# TRY IT
Only the lines from the one with "Cookie dough balls" to the end of the data below should be given again, exactly, with both ends included and pictures omitted.

# DATA

_ _ _ _ _ _ _

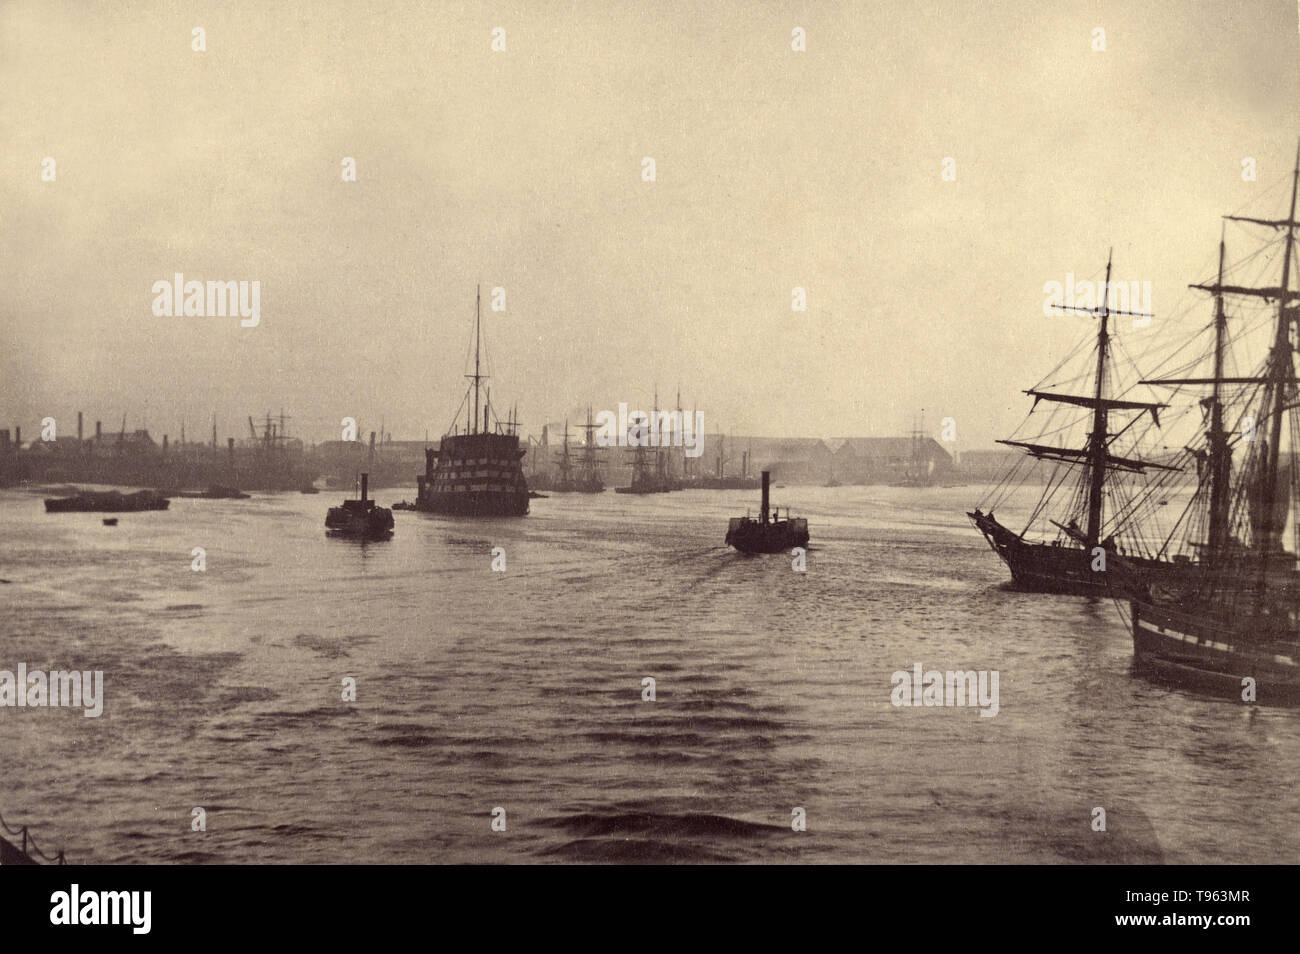 View of ships on the Thames at Greenwich, c. 1870. Photographed by ...
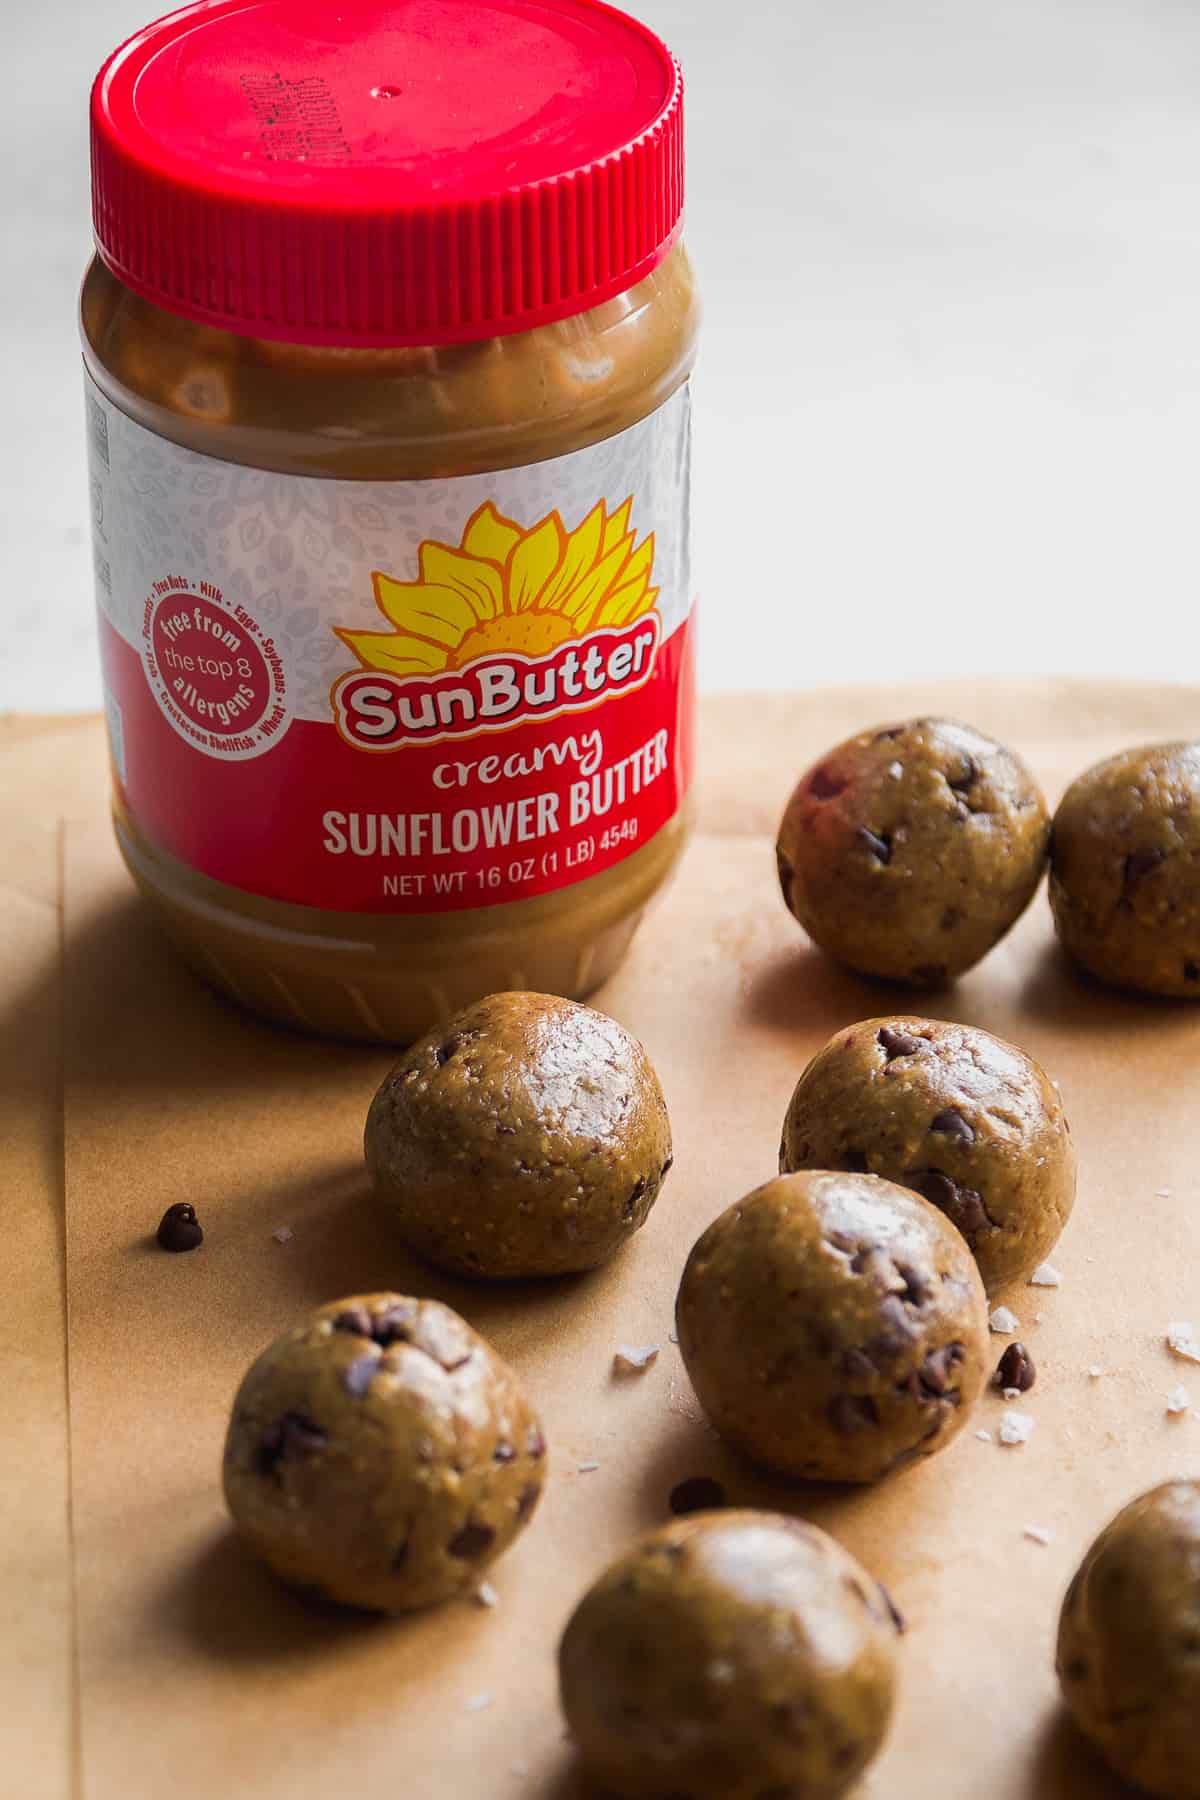 Cookie dough balls on parchment paper with a jar of sunflower butter with a red lid.
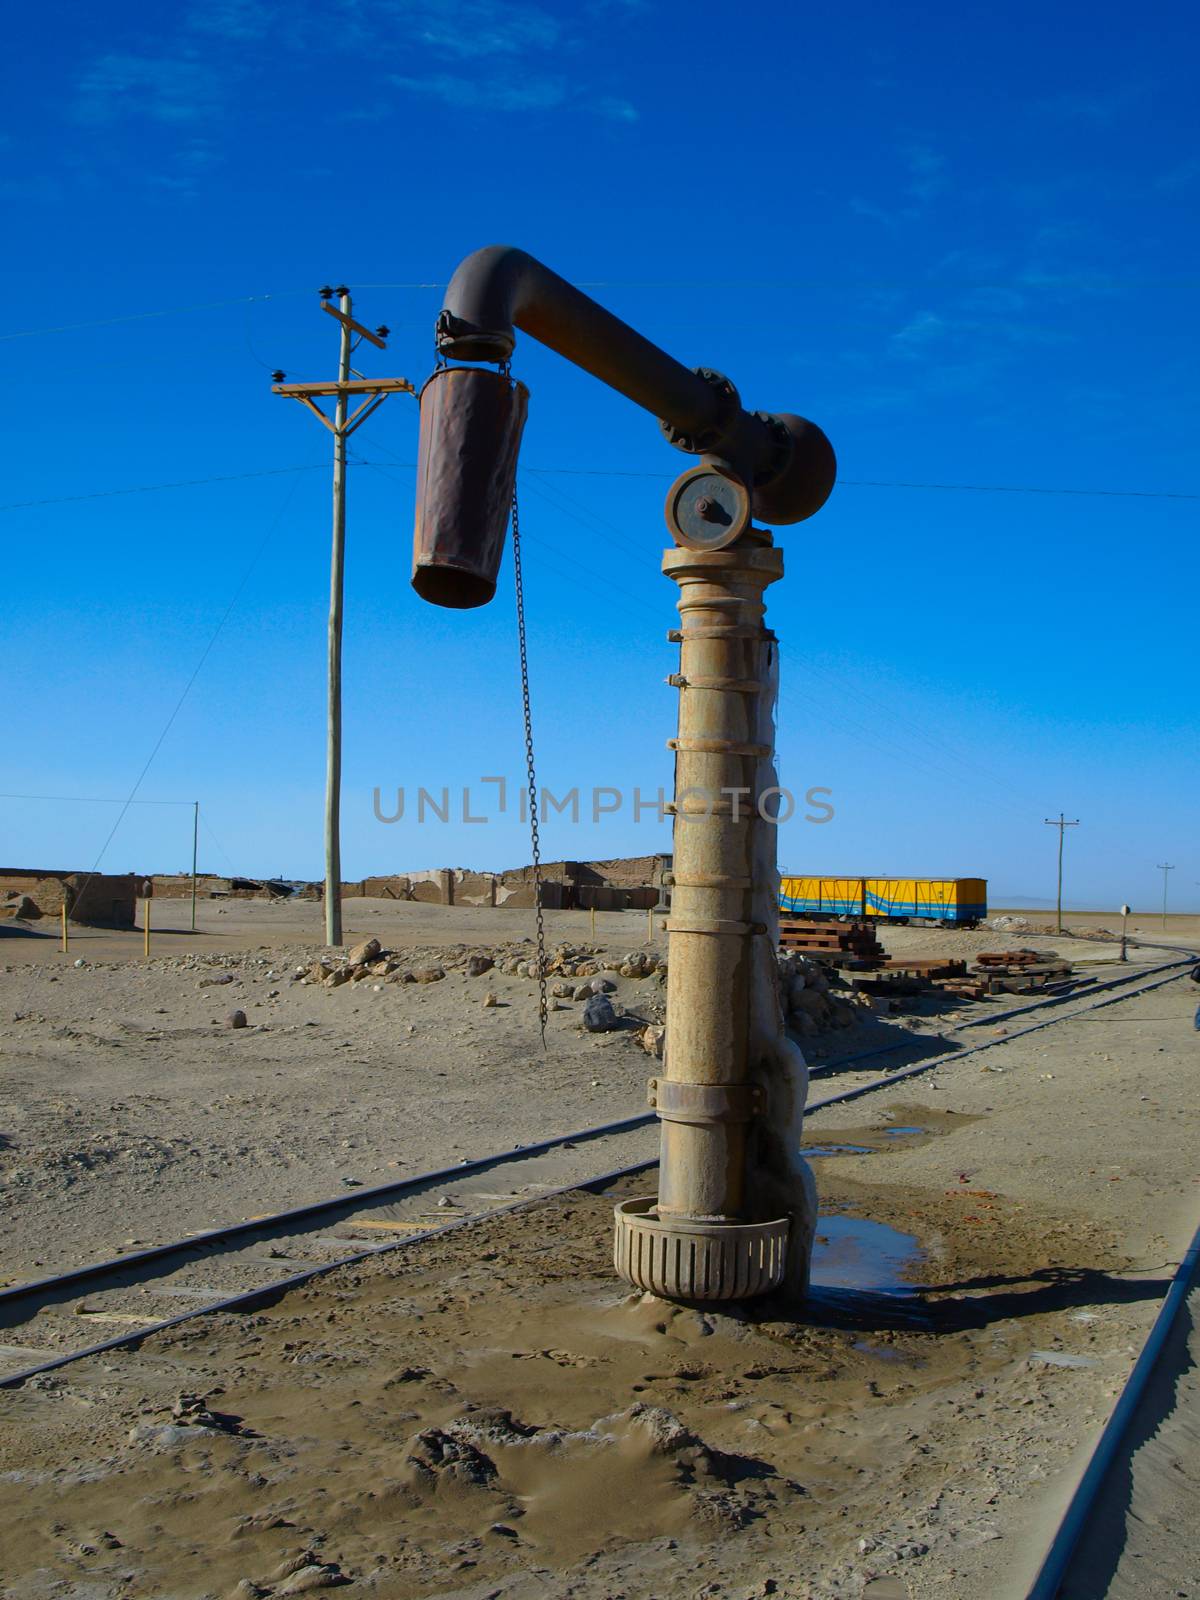 Railway water pump by pyty
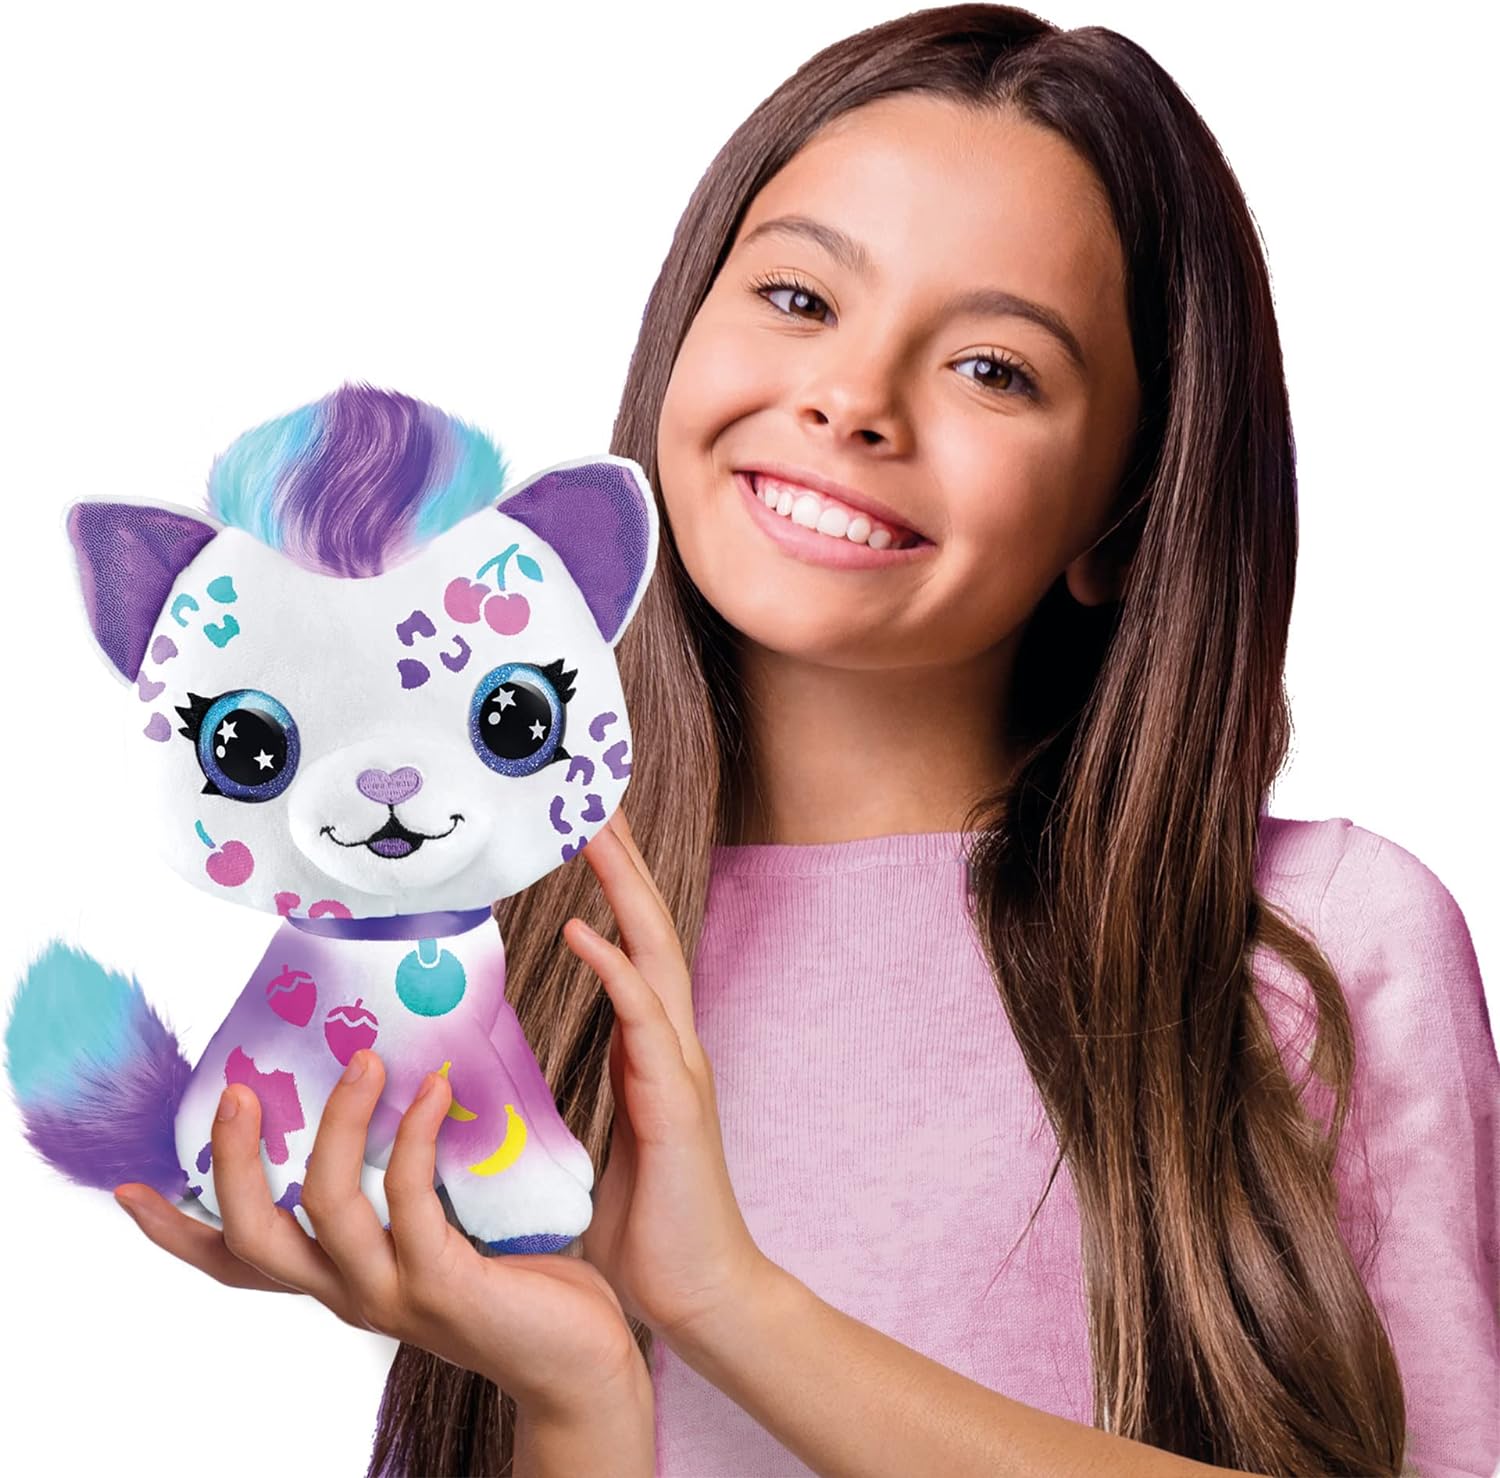 Canal Toys Personalize Airbrush Plush Large Kitty

_ _ _ _ _ _ _

# RESPONSE FOR THIS EXERCISE
 Cookie dough balls on parchment paper with a jar of sunflower butter with a red lid.
 Railway water pump by pyty
 Canal Toys Personalize Airbrush Plush Large Kitty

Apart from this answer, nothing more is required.